28 KINEMA | MOSTRA DE CINEMA NIKKEI : POLÍTICA

Okuhara filma Hidaka. Foto: divulgação.
Okuhara filma Hidaka. Foto: divulgação.

Na terça-feira (29), a MOSTRA DE CINEMA NIKKEI,  a ser exibida no Cine Guarani, no Portão Cultural, em Curitiba, apresenta dois documentários sobre a segunda fase da  imigração japonesa ao Brasil.  Depois dos primeiros anos  trabalhando nas lavouras de café no interior de São Paulo e do Paraná, muitos arrecadaram um pé-de-meia e mudaram para centros urbanos maiores. Foi o caso da maioria dos que foram se instalar na capital paulista.
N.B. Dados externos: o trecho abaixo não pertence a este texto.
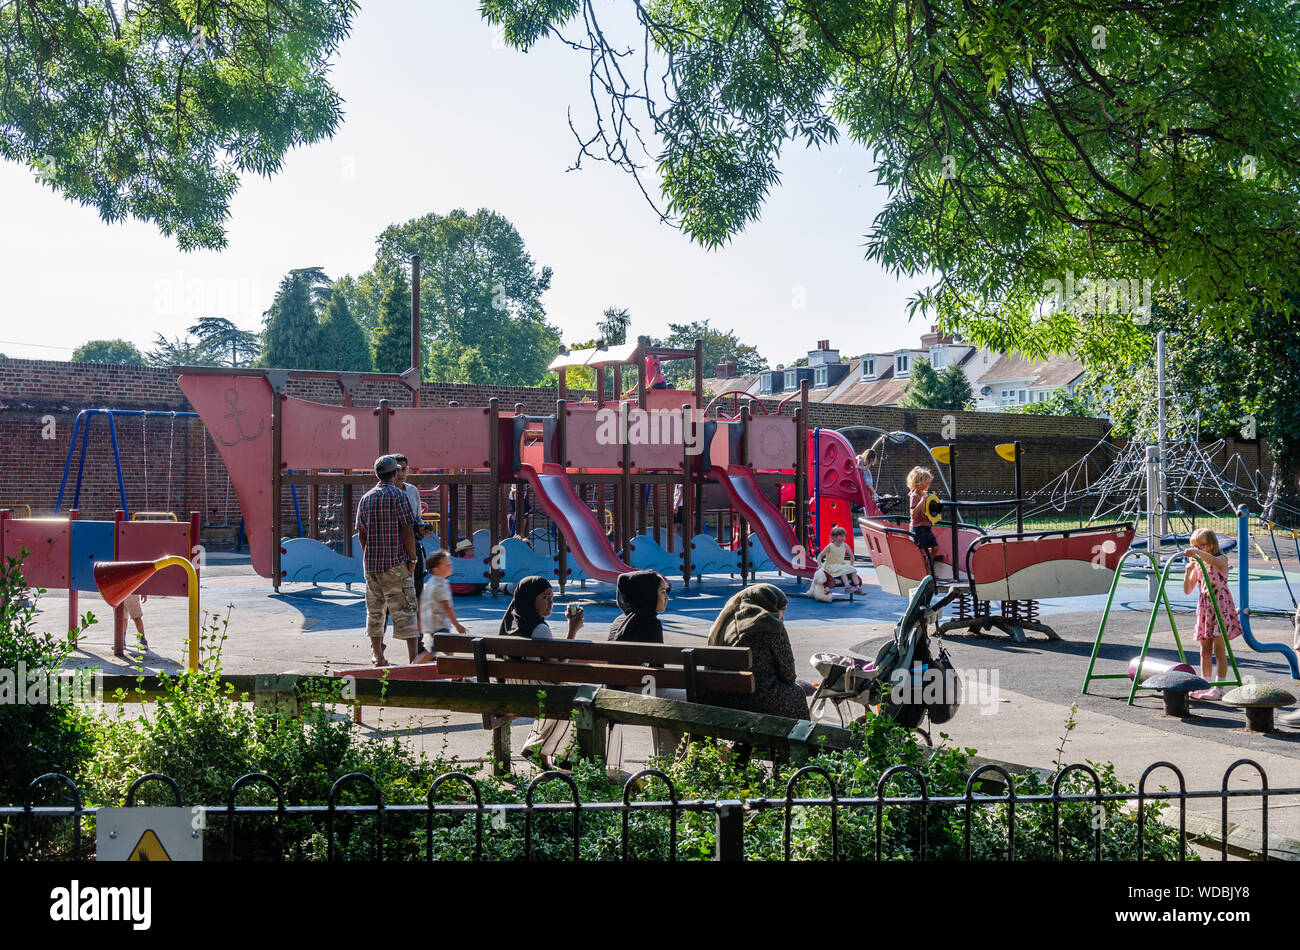 Children play in a children's playground in Higginson Park in Marlow. Stock Photo

O documentário “Gamabarê ou Liberdade”, de José Carlos Lage, mostra apresenta  a história do maior ponto de concentração da comunidade nipo-brasileira, o bairro da Liberdade, em São Paulo,  principal ponto de referência comercial e de costumes orientais para a comunidade japonesa no Brasil.
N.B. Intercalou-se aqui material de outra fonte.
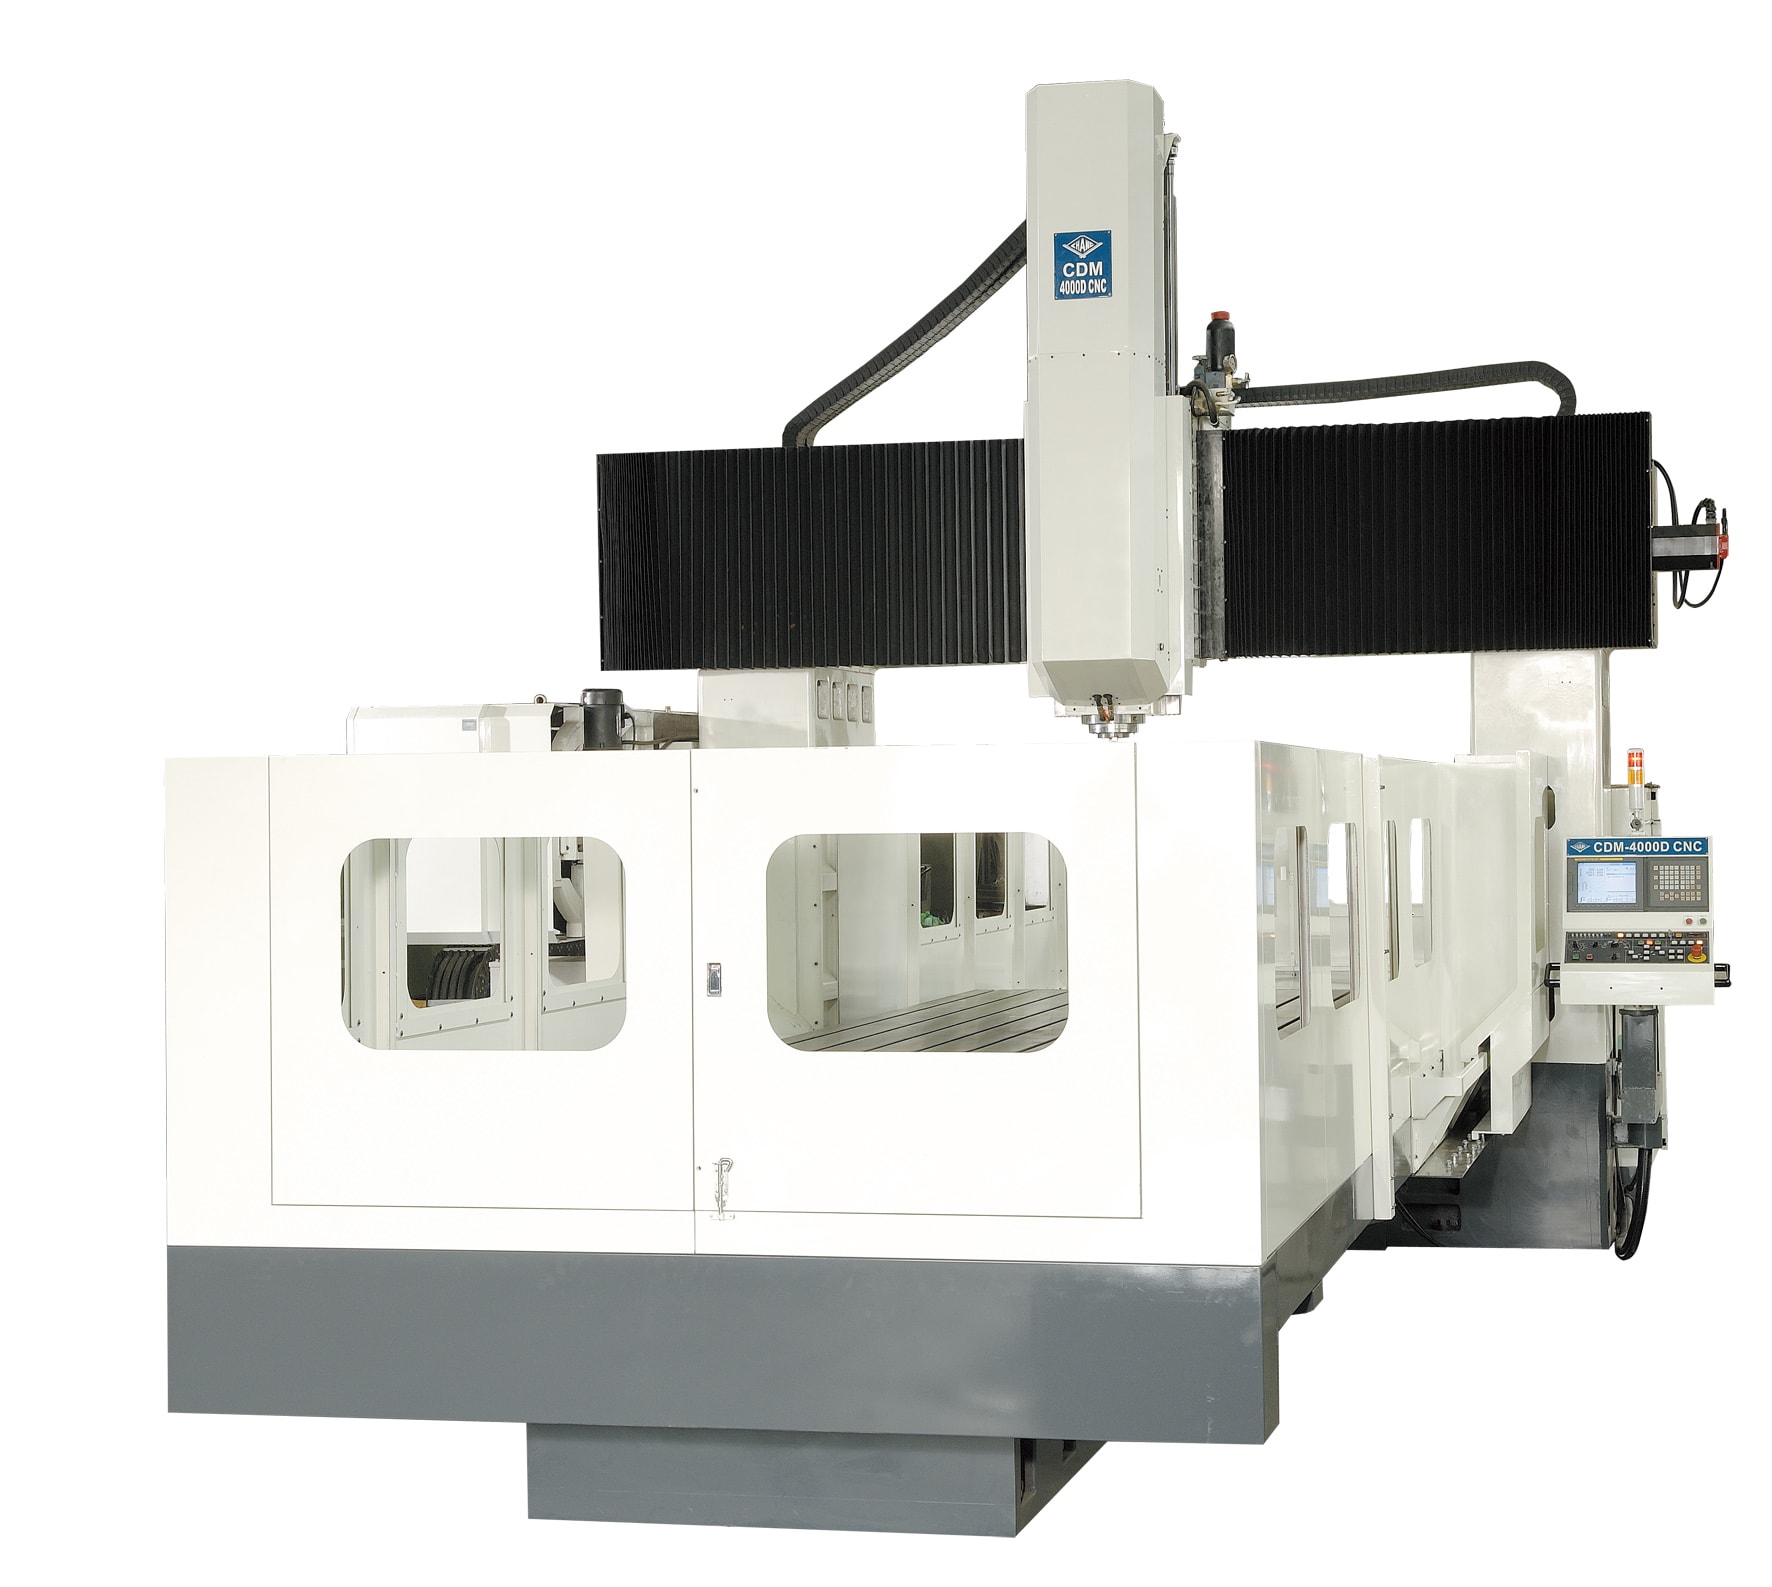 CHANG CDM Series CNC Gantry Type Machining Center

José Carlos Lage é formado em Publicidade e Propaganda, com pós-graduação em comunicação e marketing pela ESPM. Em 1992,  trabalhou em Nova York ,  realizando videoclipes para artistas como: George Michael, Natalie Cole e Tonny Benett. Produziu e dirigiu filmes publicitários para as principais agências de São Paulo: DPZ, Peraltastrawberryfrog, Ogilvy, Sunset Comunicação entre outras Dirigiu os documentários Paulista(2003)  e Um dia de lobo (2005)..

Yami no ichi nichi

Nessa segunda fase da imigração, com o propósito inicial de “preservar os costumes e cultura japonesa”, foram criadas muitas associações de nipo-brasileiros. Se algumas tiveram como objetivo apenas o entretenimento, outras tiveram viés mais político, como foi o caso da Shindo Renmei – a Liga do Caminho dos Súditos. A organização ultranacionalista defendia que os japoneses não havia perdido a guerra –  eram os kachigum, os vitoristas –  e atacavam os que defendiam tese contrária  dos makegumi, os derrotistas.
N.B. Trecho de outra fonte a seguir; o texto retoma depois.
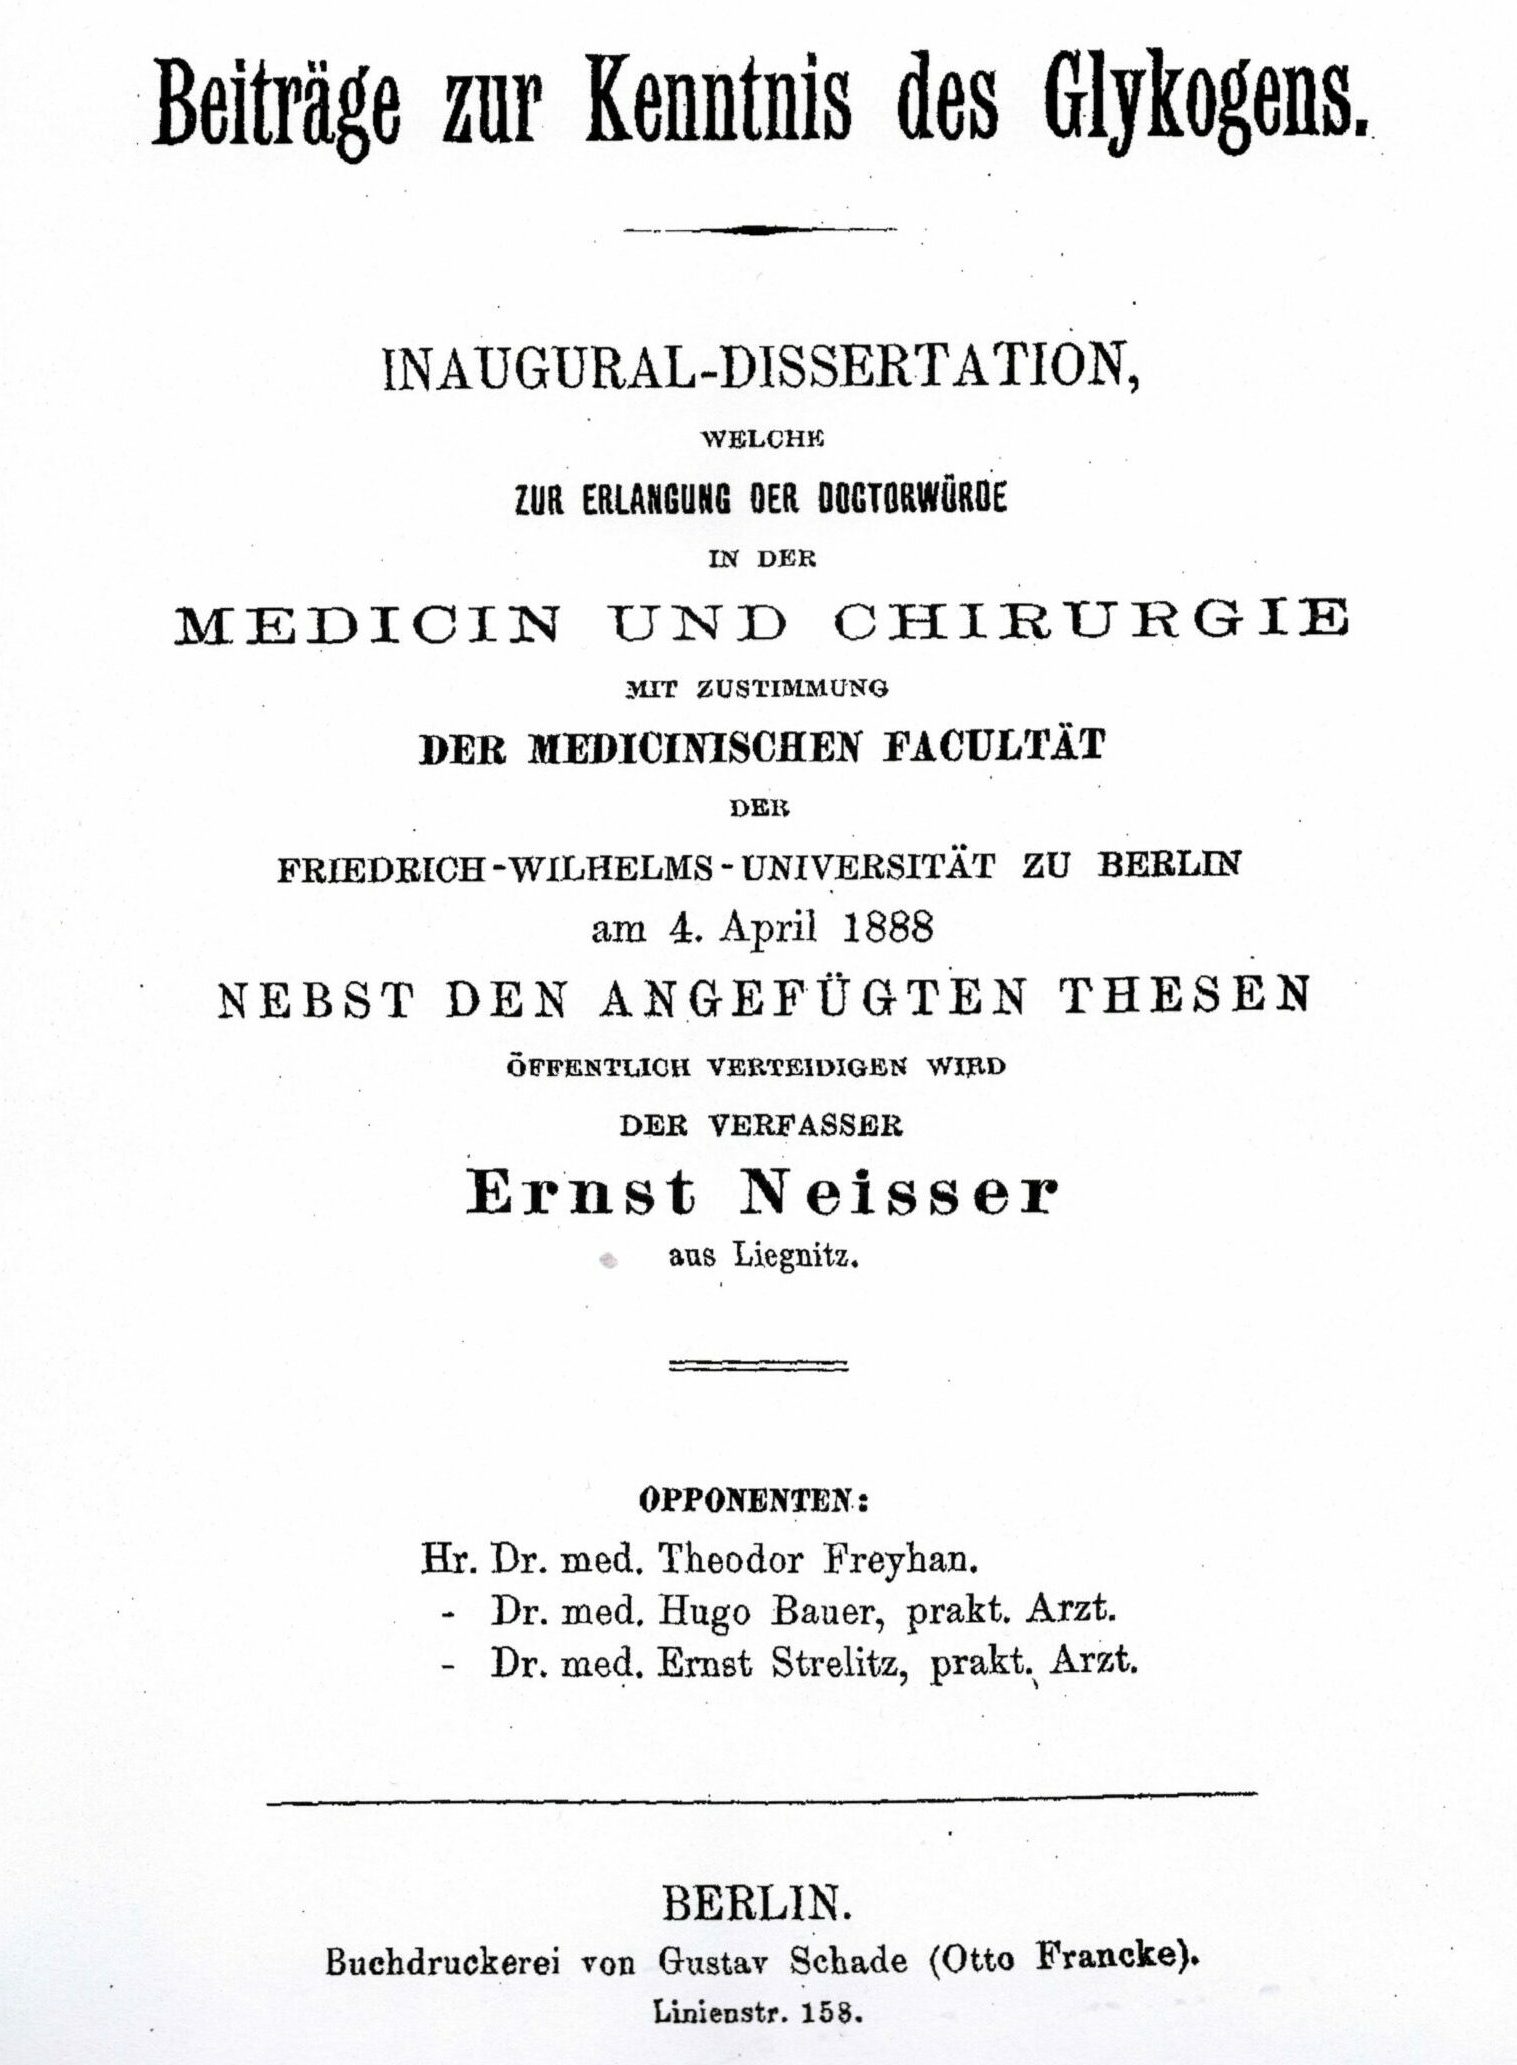 Dissertation, Berlin 1888

O documentário Yami no ichi nichi, o crime que abalou a colônia japonesa no Brasil, de Mario Jun Okuhara, traz a versão da história  de Tokuichi Hidaka, que, em 1946, aos 19 anos de idade, foi um dos autores do assassinato do coronel Jinsaku Wakiyama, líder dos “derrotistas” em São Paulo. Hidaka entregou-se à polícia com o restante do grupo e cumpriu 15 anos de prisão. Em liberdade, sofreu a punição da colônia japonesa: foi discriminado, condenado ao ostracismo, sem oportunidade para contar a sua versão. Décadas mais tarde, Hidaka inicia uma busca por amigos e pessoas desse período para reconstruir a memória da época e encontrar o sentido da sua vida no Brasil. Nesta nova versão do documentário, integrantes da família Wakiyama falam do papel exercido por Jinsaku na comunidade nipo-brasileira paulista dos anos 1940 e expõem seu ponto de vista sobre os fatos.

Desdobramentos

O documentário de Okuhara ganha relevância, pois graças a ele, foram ouvidos depoimentos de nipo-brasileiros presos na Ilha de Anchieta, para onde foram levados os envolvidos com a Shindo Renmei. Os presos relataram casos de tortura e violação de direitos humanos.  A presidente da Comissão Nacional da Verdade, Rosa Cardoso, pediu desculpas pelo tratamento racista e detenção de vários membros da comunidade durante a segunda guerra , abrindo caminho para uma retratação pública oficial .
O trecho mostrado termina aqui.